I made a little discovery last night. I covered the screen with fresh water from our water butt and scrubbed with the bug remover side of my meguairs wash mitt. The greasy marks (mostly where the passenger side wiper stops upright) seemed to gradually fade away. I'm expecting it to come back when I use the wipers again in the rain. I'm convinced the wipers have something on them


----------



## throwa62start (Aug 1, 2011)

Paul_W said:


> I made a little discovery last night. I covered the screen with fresh water from our water butt and scrubbed with the bug remover side of my meguairs wash mitt. The greasy marks (mostly where the passenger side wiper stops upright) seemed to gradually fade away. I'm expecting it to come back when I use the wipers again in the rain. I'm convinced the wipers have something on them


Paul, any update on this?

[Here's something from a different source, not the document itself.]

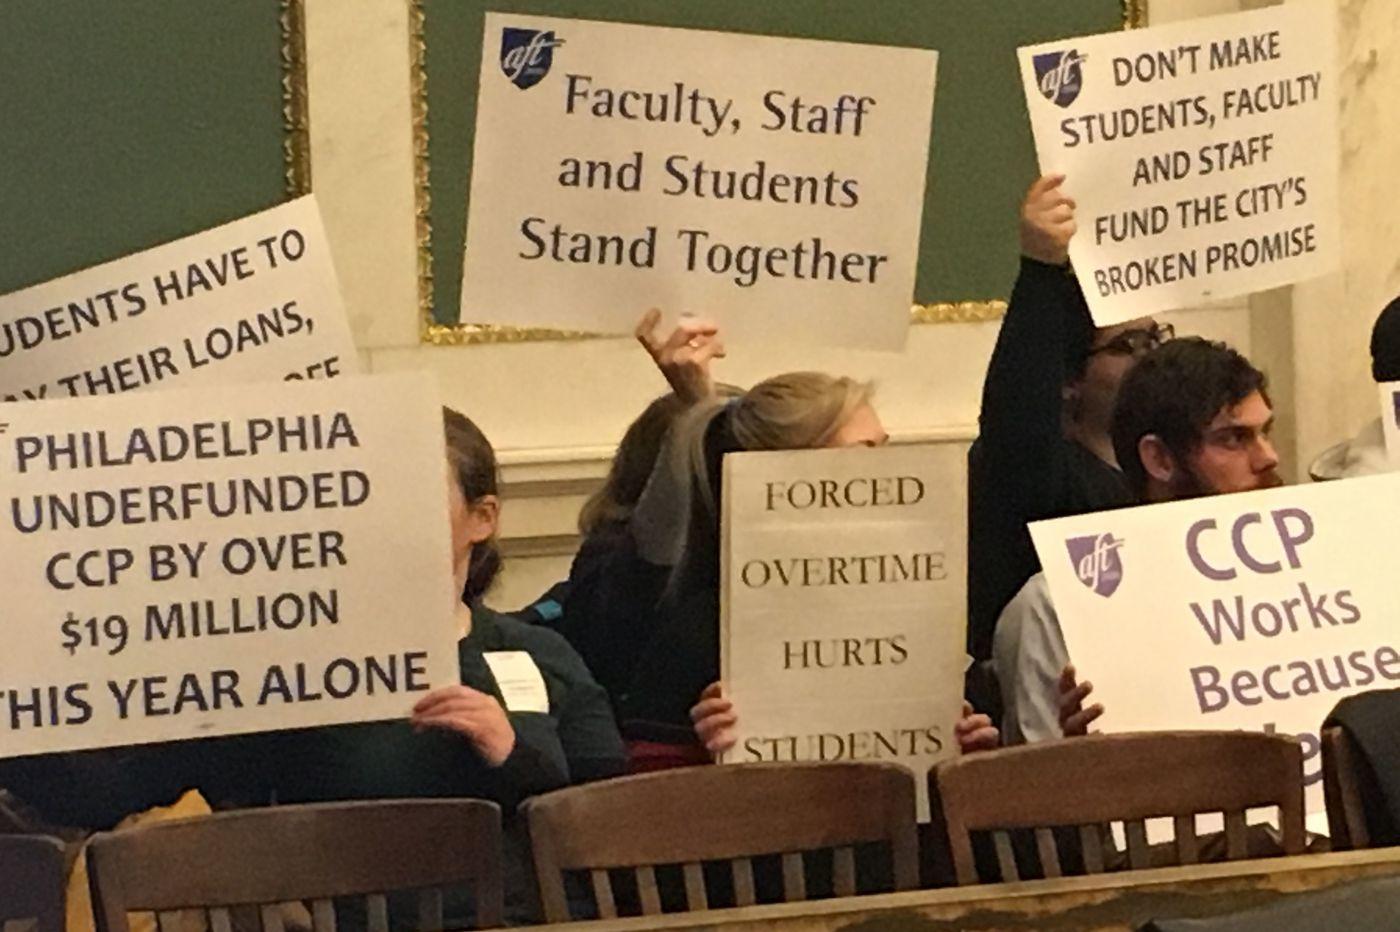 Is Philadelphia properly funding its community college?

I've had my Sirocco for 3 weeks and got exactly the same problem with flippin squeeky wiper blades.. Any success stories with products would be greatfully recieved.:thumb:


----------



## hooley (Nov 10, 2010)

Hi Paul,
Bar Keepers Friend (BKF) - see a post a I did a while back, seems like you have the same problem that I did. 
http://www.detailingworld.co.uk/forum/showthread.php?t=199453

Once done, i found best not to treat the Windscreen with any sort of glass cleaner. After washing the car I would just re-apply a small amount on a damp microfibre each time and hose with water.

Regards Hooley.


----------